Brain Magnetic Resonance Imaging in Wilson's Disease-Significance and Practical Aspects-A Narrative Review.

作者信息

Litwin Tomasz, Rędzia-Ogrodnik Barbara, Antos Agnieszka, Przybyłkowski Adam, Członkowska Anna, Bembenek Jan Paweł

机构信息

Second Department of Neurology, Institute of Psychiatry and Neurology, 02-957 Warsaw, Poland.

Department of Gastroenterology, Medical University, Warsaw 02-097, Poland.

出版信息

Brain Sci. 2024 Jul 19;14(7):727. doi: 10.3390/brainsci14070727.

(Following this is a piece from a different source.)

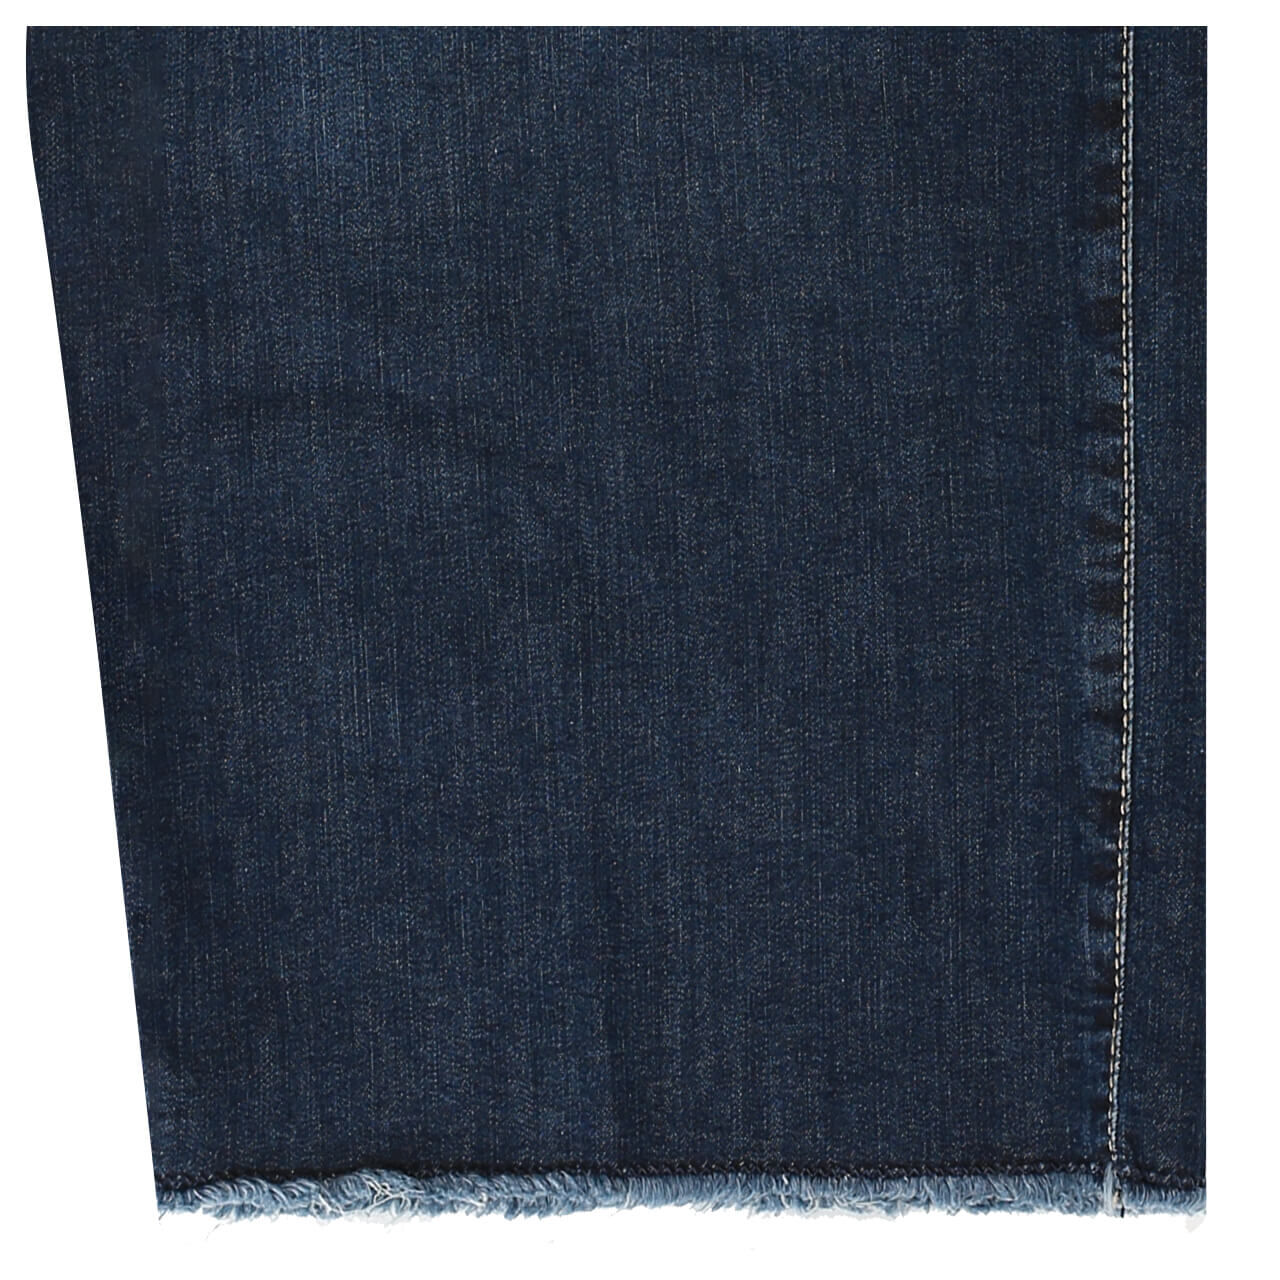 MAC Jeans Gracia (Greta) für Damen in Dunkelblau angewaschen, FarbNr.: D844

DOI:10.3390/brainsci14070727
PMID:39061467
原文链接:https://pmc.ncbi.nlm.nih.gov/articles/PMC11274939/
Abstract

Wilson's disease (WD) is a genetic disorder of copper metabolism with pathological copper accumulation in many organs, resulting in clinical symptoms, mostly hepatic and neuropsychiatric. As copper accumulates in the brain during WD, and almost 50% of WD patients at diagnosis present with neurological symptoms, neuroimaging studies (especially brain magnetic resonance imaging (MRI)) are part of WD diagnosis. The classical sequences (T1, T2, and fluid-attenuated inversion recovery) were used to describe brain MRI; however, with the development of neuroradiology, several papers proposed the use of new MRI sequences and techniques like susceptibility-weighted images, T2*, diffusion MRI, tractography, volumetric assessment and post-processing brain MRI analysis of paramagnetic accumulation-quantitative susceptibility mapping. Based on these neuroradiological data in WD, currently, brain MRI semiquantitative scale and the pathognomonic neuroradiological brain MRI signs in WD were proposed. Further, the volumetric studies and brain iron accumulation MRI analysis suggested brain atrophy and iron accumulation as biomarkers of neurological WD disease severity. All these results highlight the significance of brain MRI examinations in WD. Due to the extreme progress of these studies, based on the available literature, the authors present the current state of knowledge about the significance, practical aspects, and future directions of brain MRI in WD.

摘要

威尔逊病(WD)是一种铜代谢的遗传性疾病,病理状态下铜在许多器官中蓄积,导致临床症状,主要为肝脏和神经精神方面的症状。由于在WD病程中铜在脑内蓄积,且几乎50%的WD患者在诊断时出现神经症状,神经影像学检查(尤其是脑磁共振成像(MRI))是WD诊断的一部分。经典序列(T1、T2和液体衰减反转恢复序列)曾用于描述脑部MRI;然而,随着神经放射学的发展,一些论文提出使用新的MRI序列和技术,如磁敏感加权成像、T2*、扩散MRI、纤维束成像、容积评估以及对顺磁性物质蓄积进行后处理的脑MRI分析——定量磁敏感成像。基于WD的这些神经放射学数据,目前提出了脑MRI半定量量表以及WD具有诊断意义的神经放射学脑MRI征象。此外,容积研究和脑铁蓄积MRI分析提示脑萎缩和铁蓄积可作为神经型WD疾病严重程度的生物标志物。所有这些结果都凸显了脑MRI检查在WD中的重要性。鉴于这些研究取得的巨大进展,基于现有文献,作者阐述了关于脑MRI在WD中的意义、实际应用及未来方向的当前知识状况。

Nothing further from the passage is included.